**Task item**:
Word for word and without images, reproduce the listing that follows.

**Exercise data**:

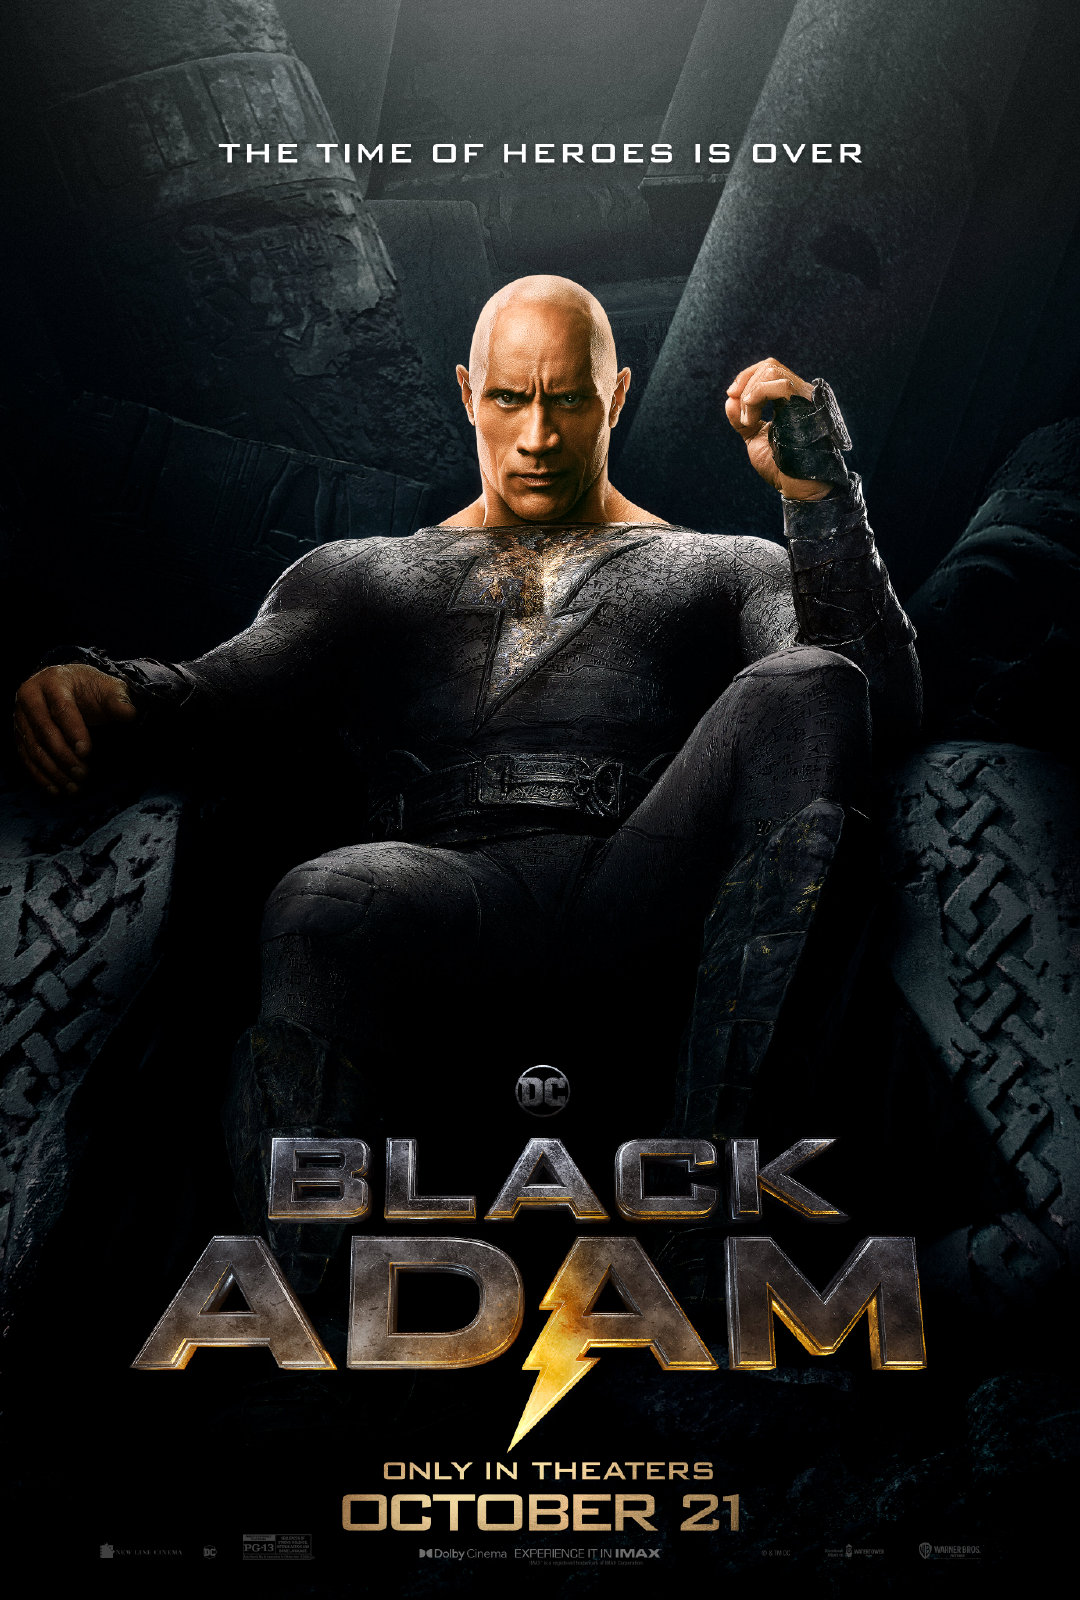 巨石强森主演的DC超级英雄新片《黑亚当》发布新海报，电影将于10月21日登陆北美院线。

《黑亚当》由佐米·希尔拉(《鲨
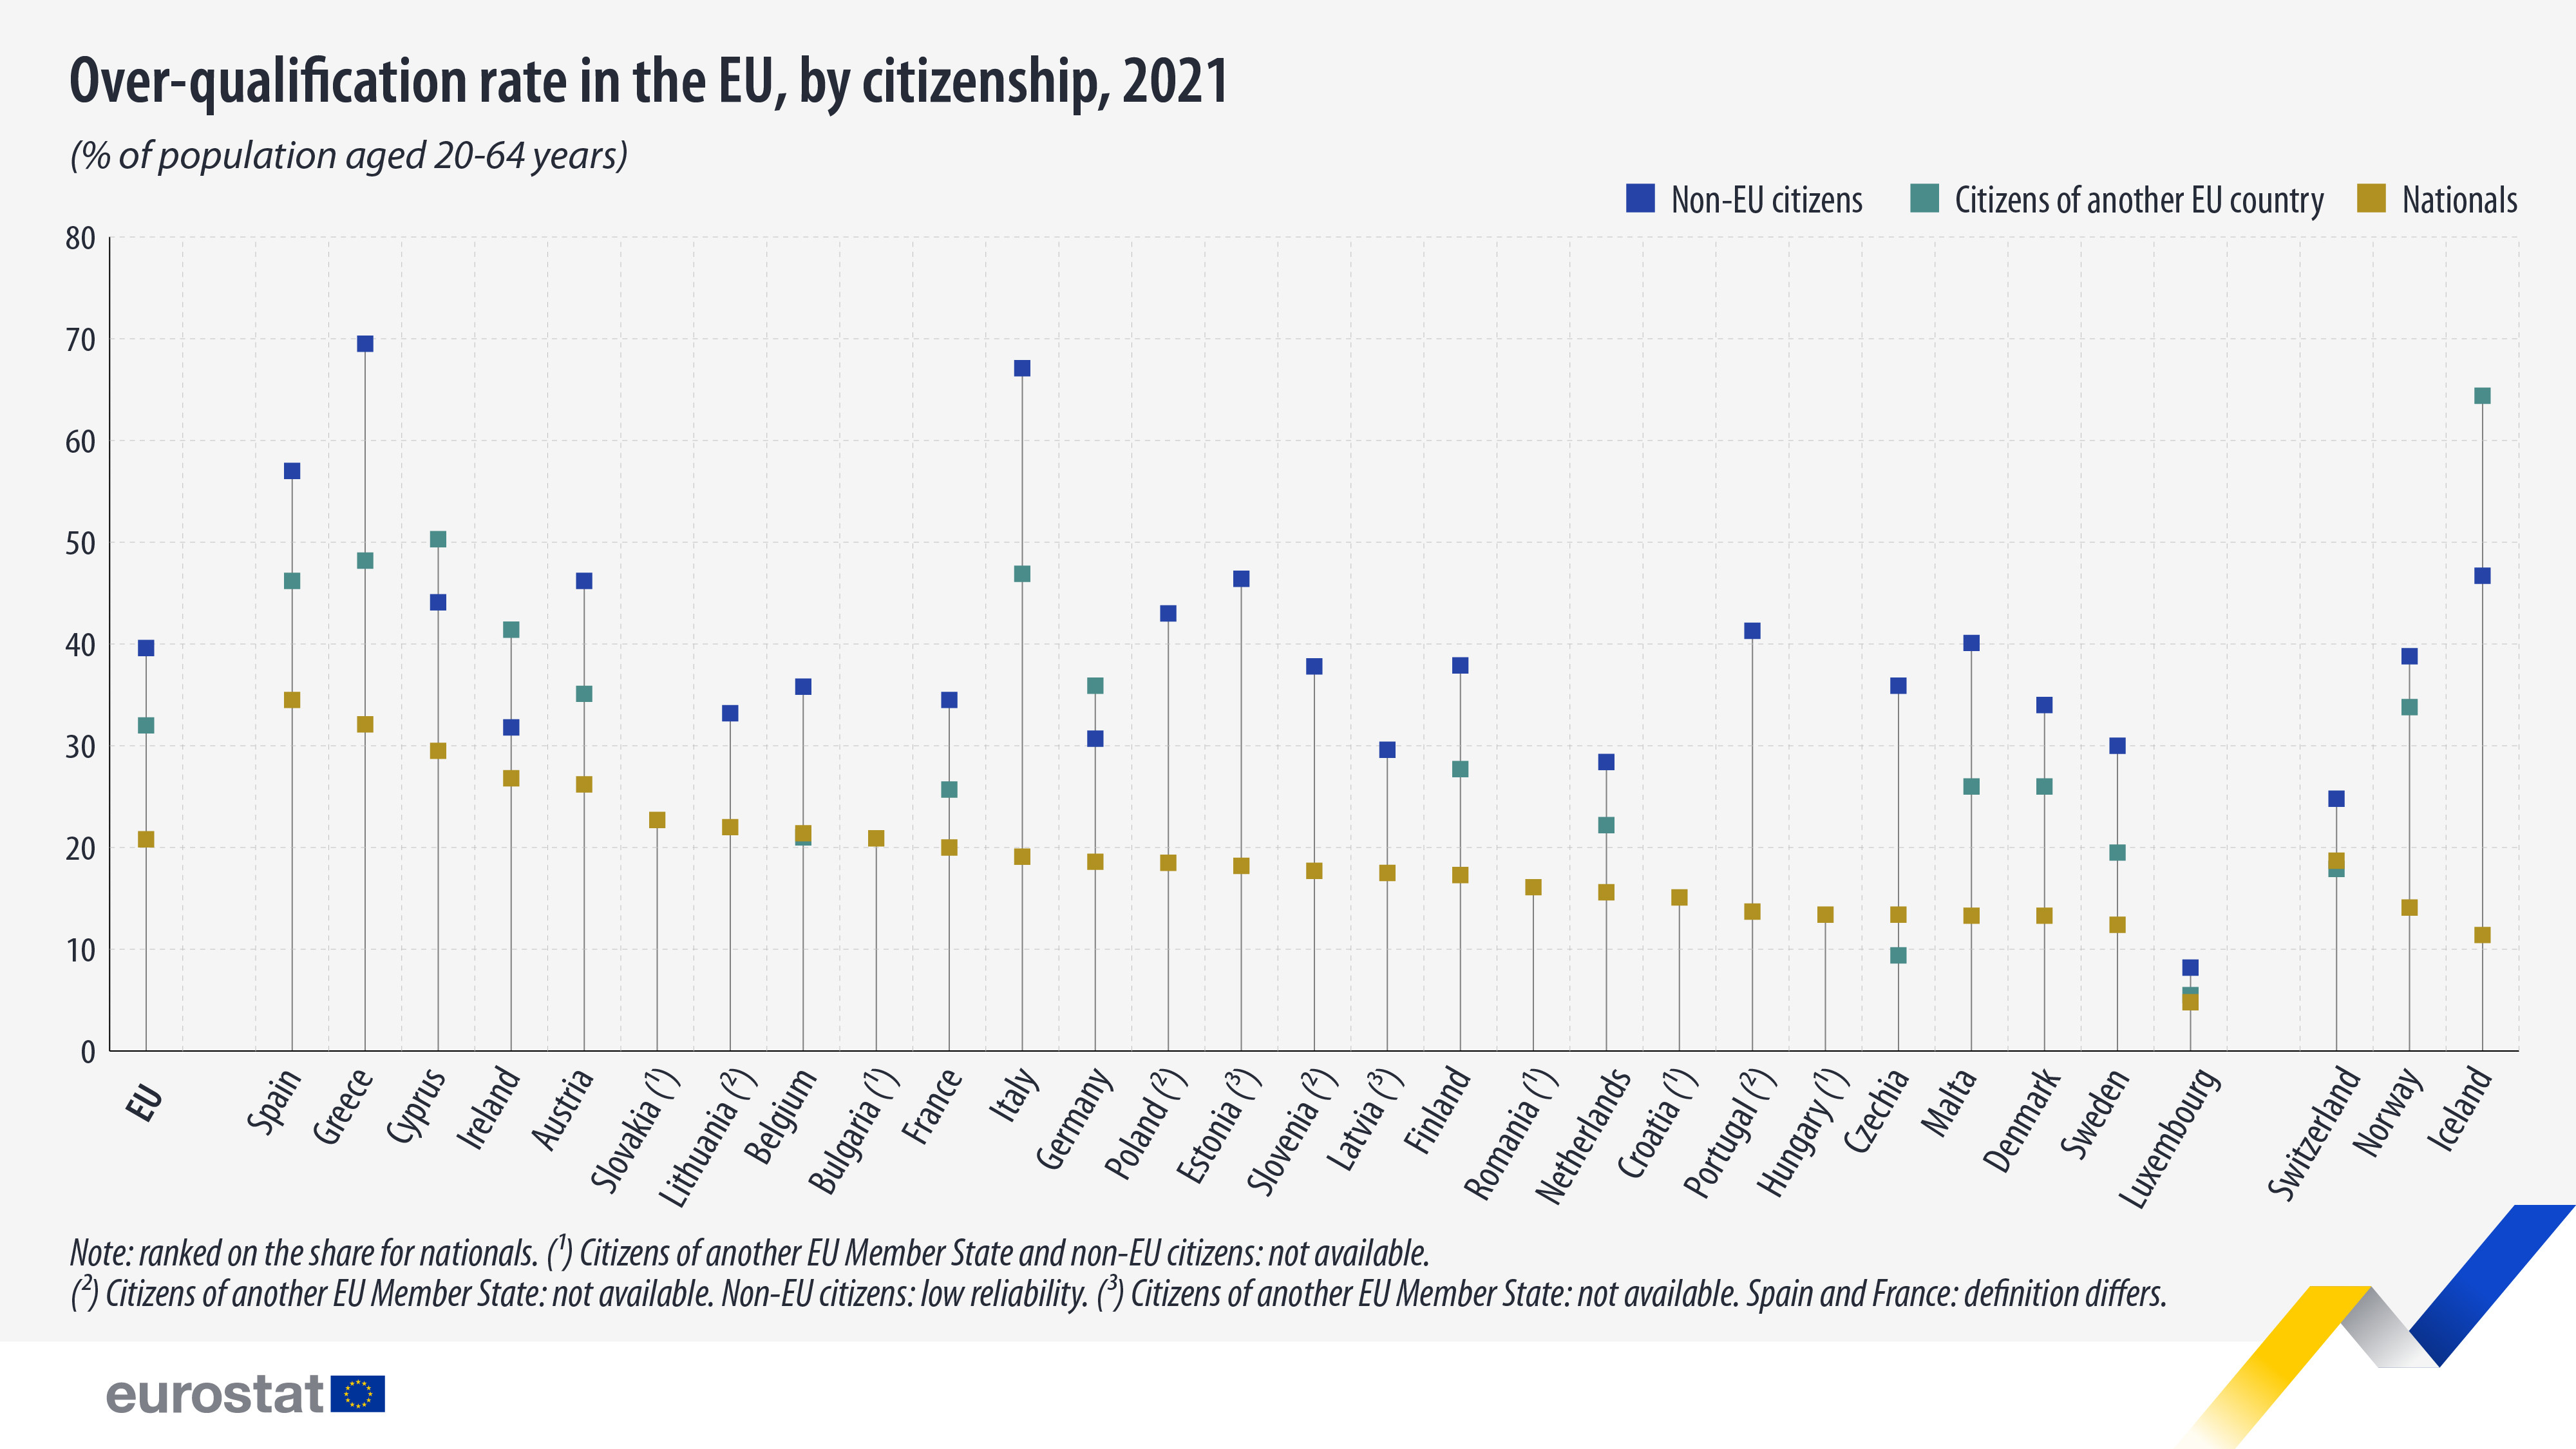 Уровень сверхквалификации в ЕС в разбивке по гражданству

**Finished task**:
 巨石强森主演的DC超级英雄新片《黑亚当》发布新海报，电影将于10月21日登陆北美院线。

《黑亚当》由佐米·希尔拉(《鲨
 Уровень сверхквалификации в ЕС в разбивке по гражданству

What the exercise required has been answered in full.